The third example show how RDC (calculated with the theta-methods) can be employed in the same way, in this case to describe the native state of Ubiquitin. In particular it is possible to observe how the RDC averaged restraint applied on the correlation between the calculated and experimental N-H RDCs result in the increase of the correlation of the RDCs for other bonds already on a very short time scale.

RDC ...
GYROM=-72.5388
SCALE=0.001060
ADDCOUPLINGS
LABEL=nh 
ATOMS1=20,21 COUPLING1=8.17
ATOMS2=37,38 COUPLING2=-8.271
ATOMS3=56,57 COUPLING3=-10.489
ATOMS4=76,77 COUPLING4=-9.871
#continue....

In this input the first four N-H RDCs are defined.

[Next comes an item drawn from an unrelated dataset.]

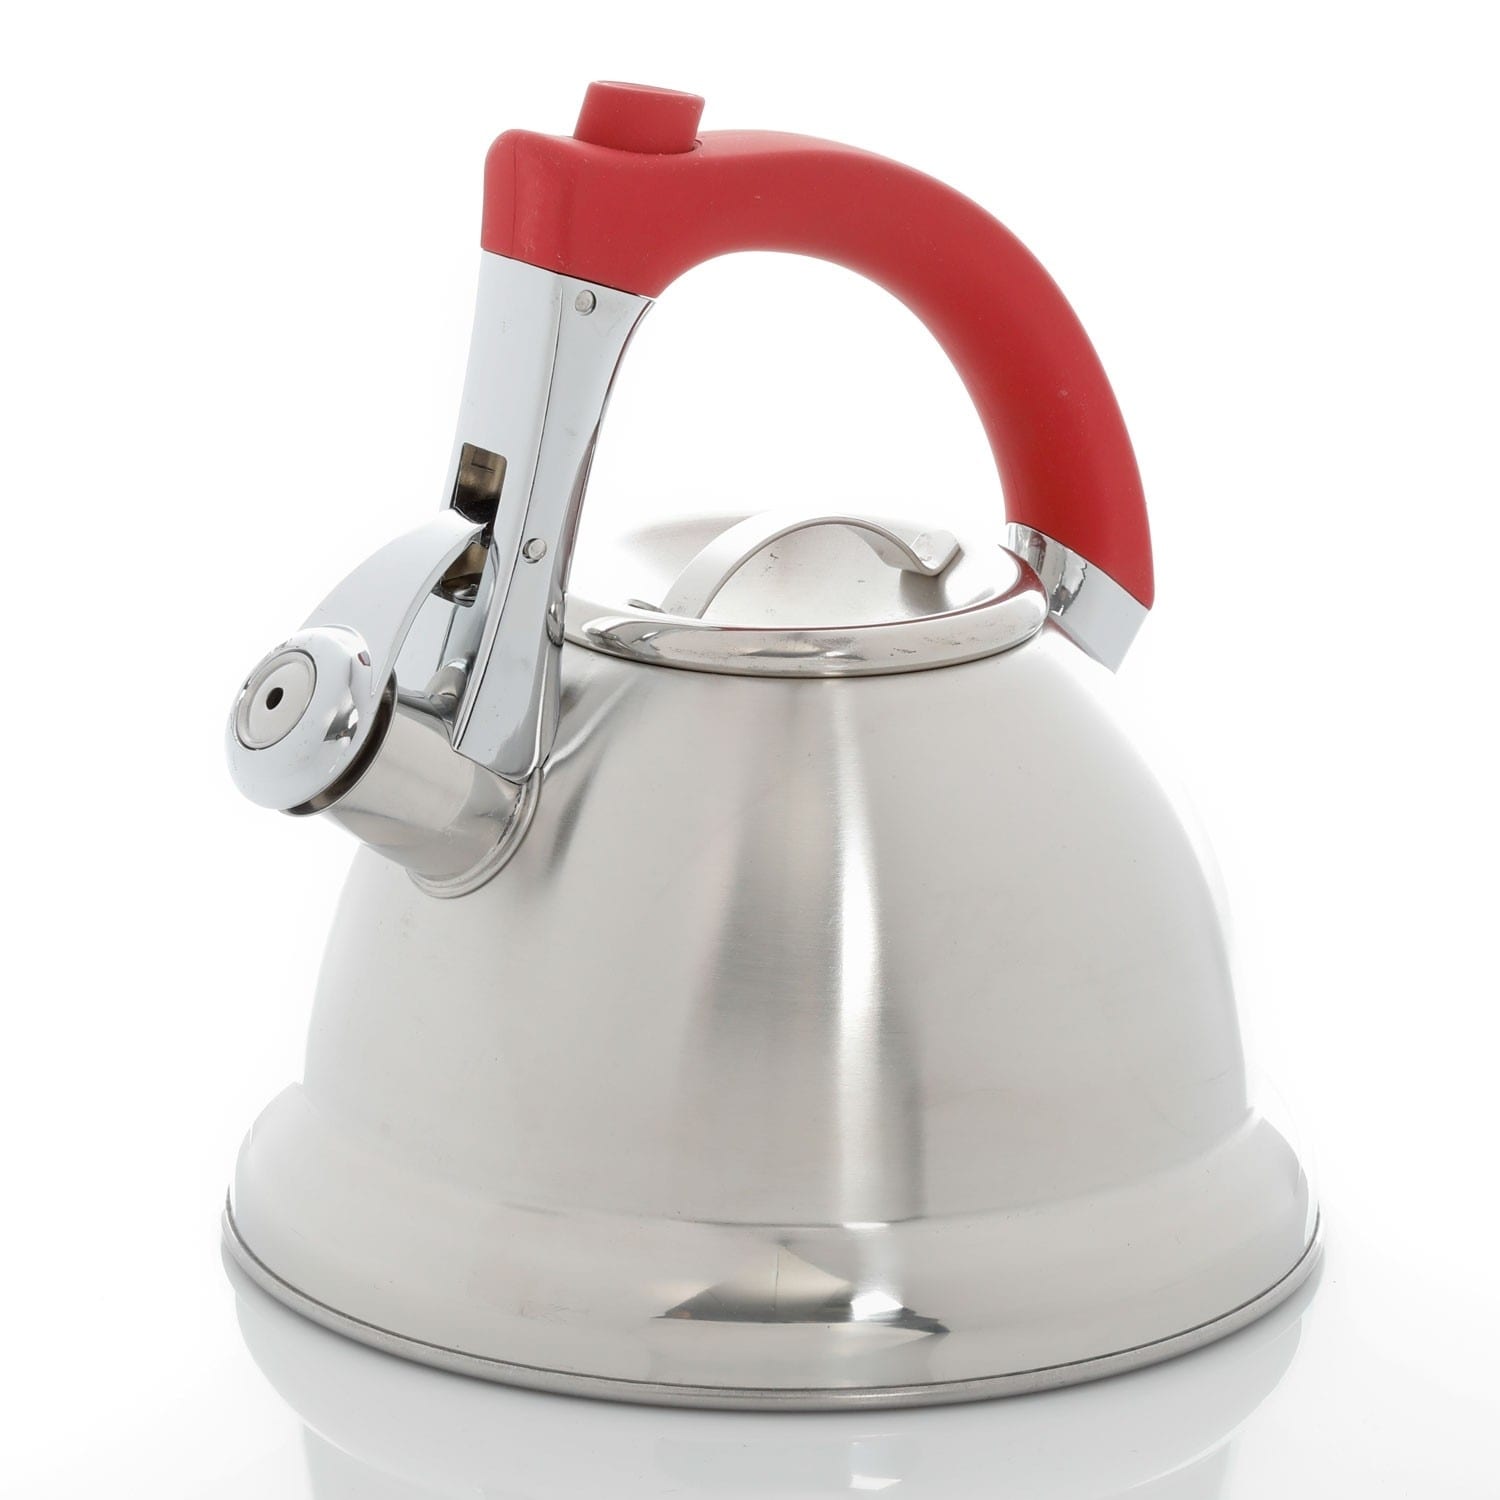 https://ak1.ostkcdn.com/images/products/is/images/direct/4371a65e218de7a357df1719f58023964ddbf2d0/Mr.-Coffee-Collinsbroke-2.4-Quart-Stainless-Steel-Tea-Kettle-with-Red-Handle.jpg

This example can be executed as

mpiexec -np 8 gmx_mpi mdrun -s topol -plumed plumed -multi 8

Reference

Granata, D., Camilloni, C., Vendruscolo, M. & Laio, A. Characterization of the free-energy landscapes of proteins by NMR-guided metadynamics. Proc. Natl. Acad. Sci. U.S.A. 110, 6817–6822 (2013).
Cavalli, A., Camilloni, C. & Vendruscolo, M. Molecular dynamics simulations with replica-averaged structural restraints generate structural ensembles according to the maximum entropy principle. J. Chem. Phys. 138, 094112 (2013).
Camilloni, C., Cavalli, A. & Vendruscolo, M. Replica-Averaged Metadynamics. JCTC 9, 5610–5617 (2013).
Roux, B. & Weare, J. On the statistical equivalence of restrained-ensemble simulations with the maximum entropy method. J. Chem. Phys. 138, 084107 (2013).
Boomsma, W., Lindorff-Larsen, K. & Ferkinghoff-Borg, J. Combining Experiments and Simulations Using the Maximum Entropy Principle. PLoS Comput. Biol. 10, e1003406 (2014).
Camilloni, C. & Vendruscolo M. A Tensor-Free Method for the Structural and Dynamical Refinement of Proteins using Residual Dipolar Couplings. J. PHYS. CHEM. B 119, 653 (2015).